● Data section

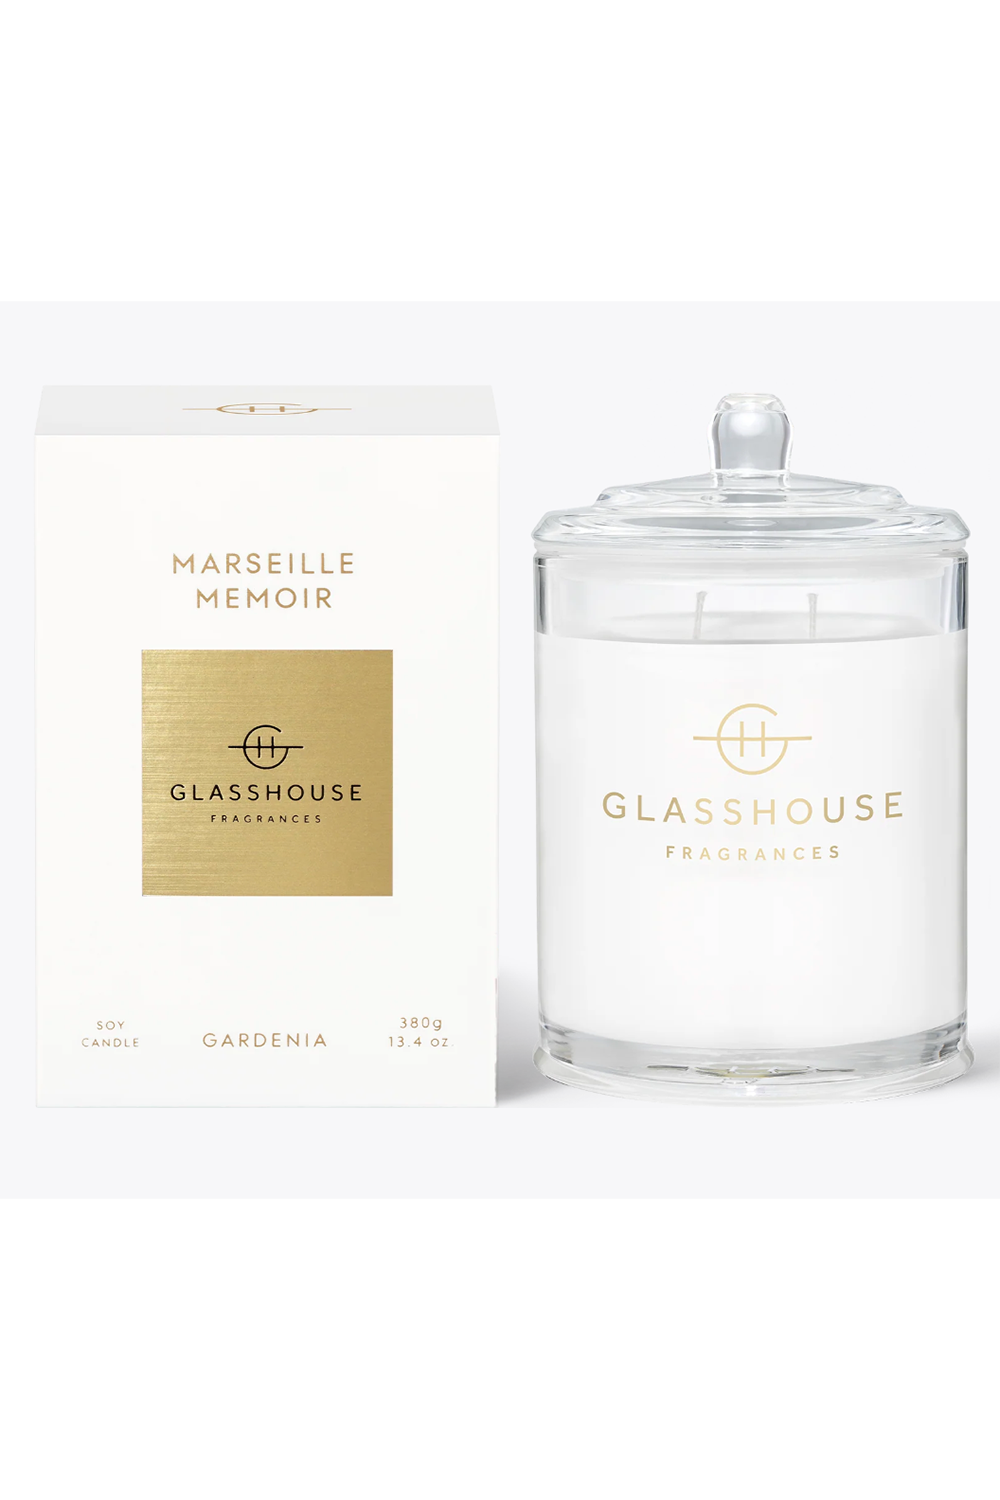 Glasshouse Fragrance Candle - Marseille Memoir
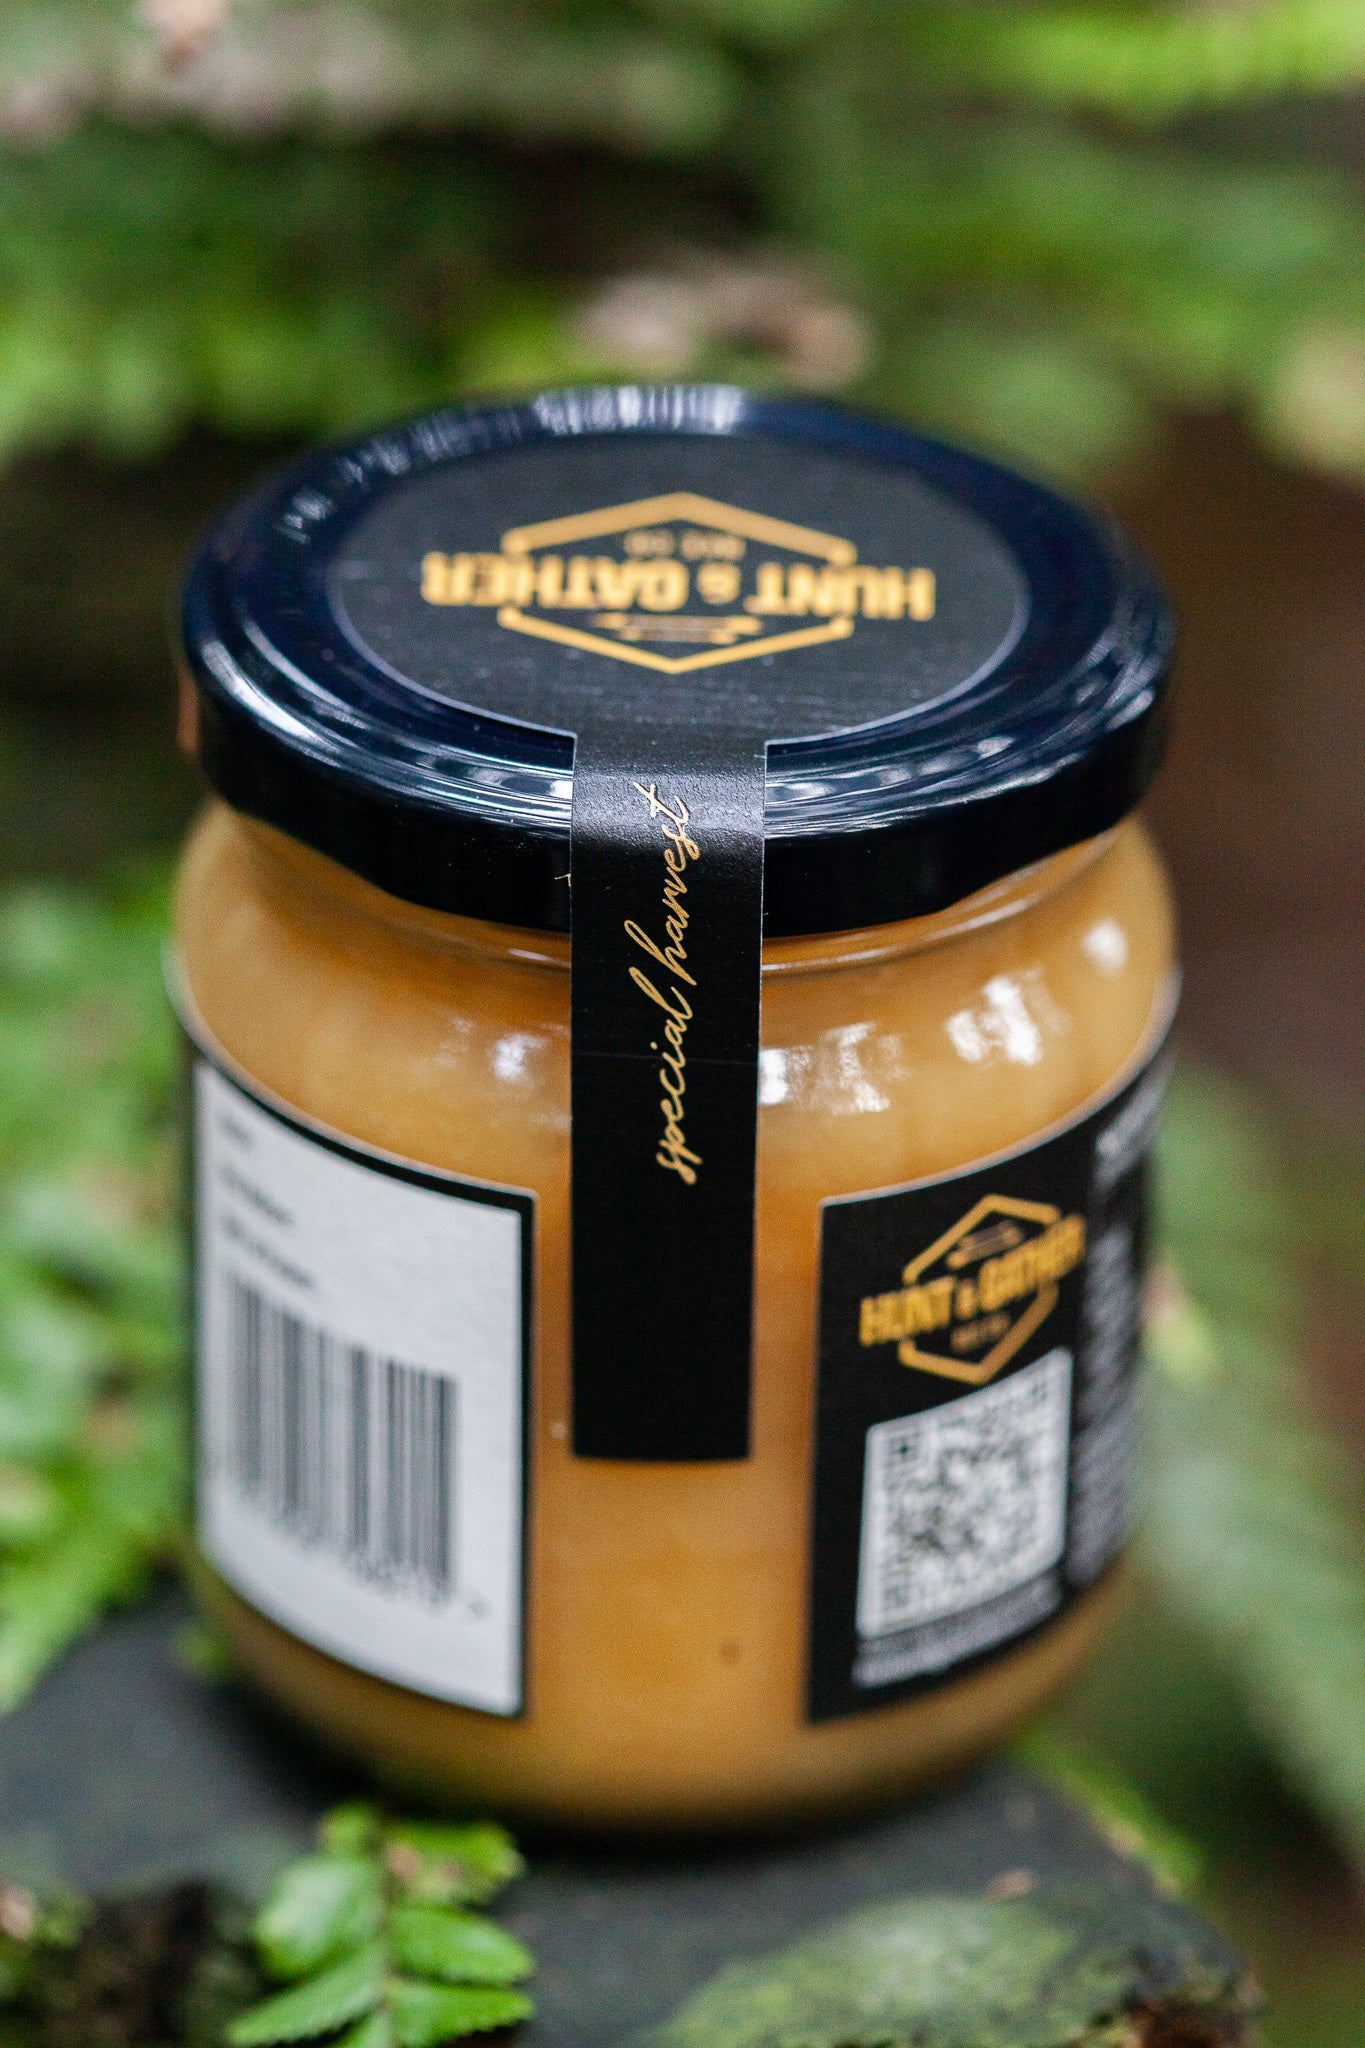 Special Harvest - Kānuka Honey
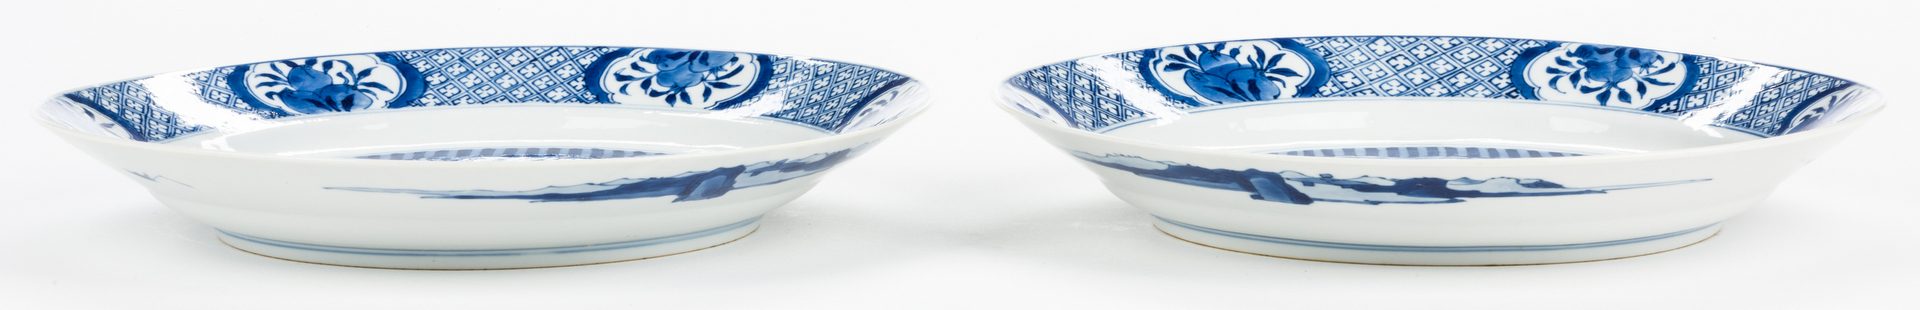 Lot 21: Qing Dynasty Blue & White Porcelain Plates

● Work request
Make an exact copy of the data, leaving its pictures out.

● Your solution
 Glasshouse Fragrance Candle - Marseille Memoir
 Special Harvest - Kānuka Honey
 Lot 21: Qing Dynasty Blue & White Porcelain Plates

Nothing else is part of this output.